Quatre mille chansons, soixante opérettes, deux cents films, qu'est-ce qu'on peut ajouter de plus ? Que certains compositeurs en ont fait davantage ?

Chose certaine : à citer des nombres comme ceux-là, on oublie - il ne faut pas dire dans son cas "la qualité" (tous lesmusiciens vous le diront) -  mais plutôt "la variété" (quoique d'autres l'ont surpassé dans ce domaine) - et surtout "la simplicité" ou comment, en quelques notes, un compositeur peut créer un air dont tout le monde se souviendra presque immédiatement et pour toujours.

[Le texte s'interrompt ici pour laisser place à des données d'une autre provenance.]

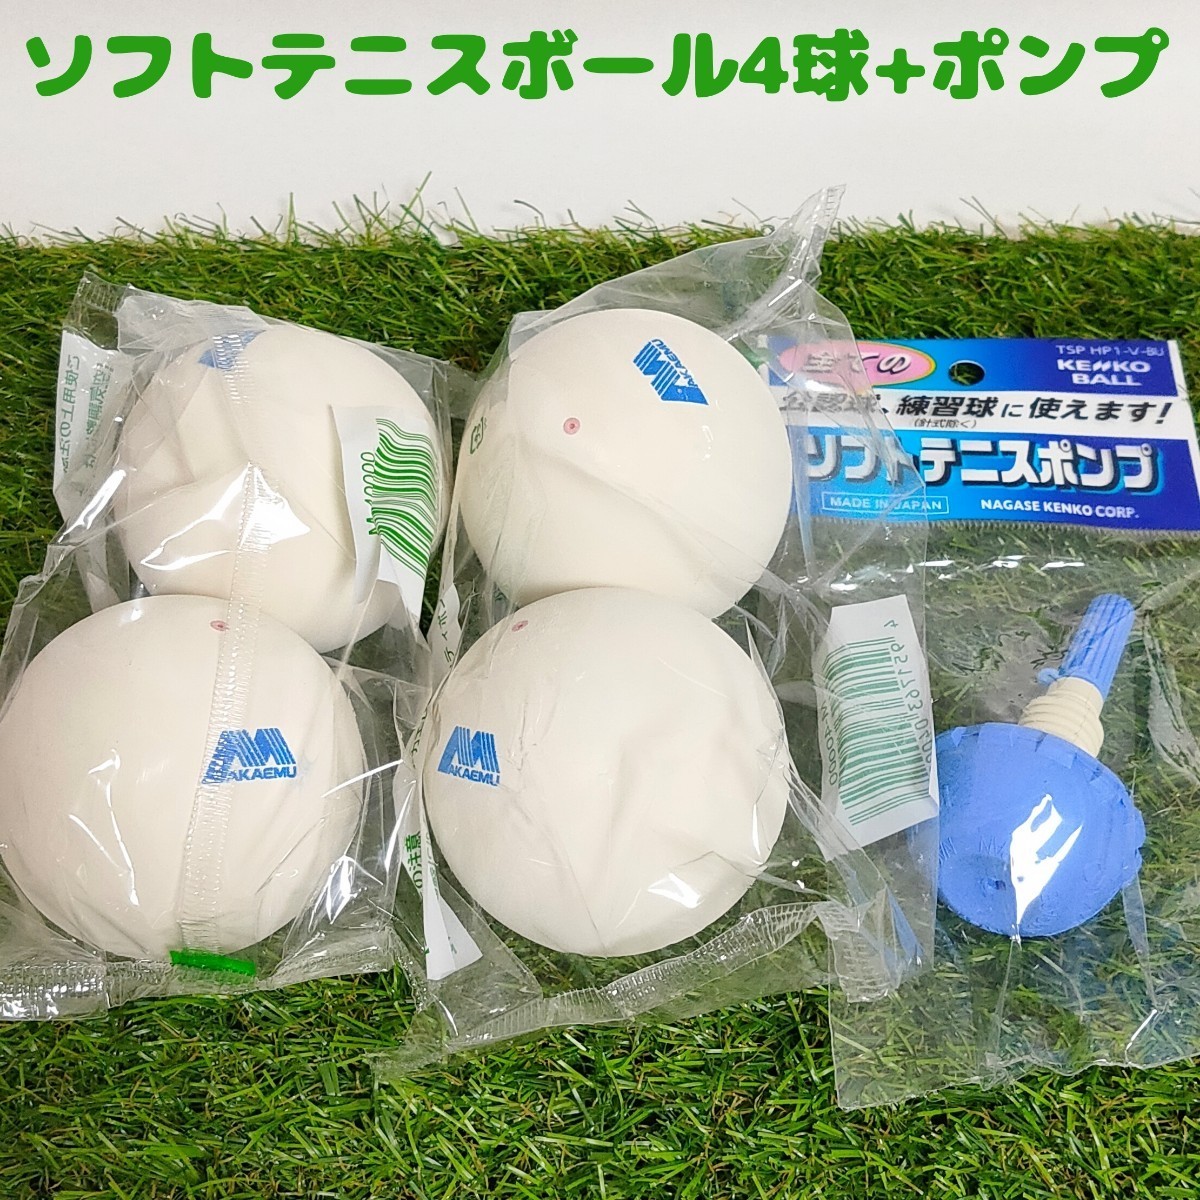 534円 通信販売 軟式テニスボール 6球 空気入れ ソフトテニスボール

Voilà la force de Scotto. On lui donnait des paroles, il en faisait un chanson sur un air qui, à peu d'exemples près, faisait oublier l'auteur. Ce fut le cas, par exemple, de Sarvil et qui se souvient vraiment de Géo Koger qui lui a tout de même fourni,avec Henri Varna, un autre oublié, les paroles de "J'ai deux amours" ?

Et qui se souvient des auteurs de ceux qui ont écrit les paroles de "Marinella", de "Tchi-Tchi" et de "Tant qu'il y aura des étoiles" de Tino Rossi ?  Et "La petite Tonkinoise", faut bien la mentionner, non ? - Et tout ça composé non pas autour d'un grand piano avec des feuilles de musique empilées jusqu'au plafond mais sur une petite guitare : aux autres l'harmonisation et les arrangements. Monsieur Scotto composait des airs.


Mais quels airs !

On pourrait continuer comme ça longtemps. Pensez-y : quatre mille chansons dont plus du tiers ont été de grands succès, à la fois pour Scotto et ceux qui les ont créées.


Vincent Scotto est né le 21 avril 1874 à Marseille et est décédé à Paris, le 17 novembre 1952.

Associée au nom de Scotto, Paulette Zévaco qui, de 1927 jusqu'à la mort de Vincent, harmonisa ses mélodies et qui écrivit, elle-même, la musique de plusieurs films et opérettes.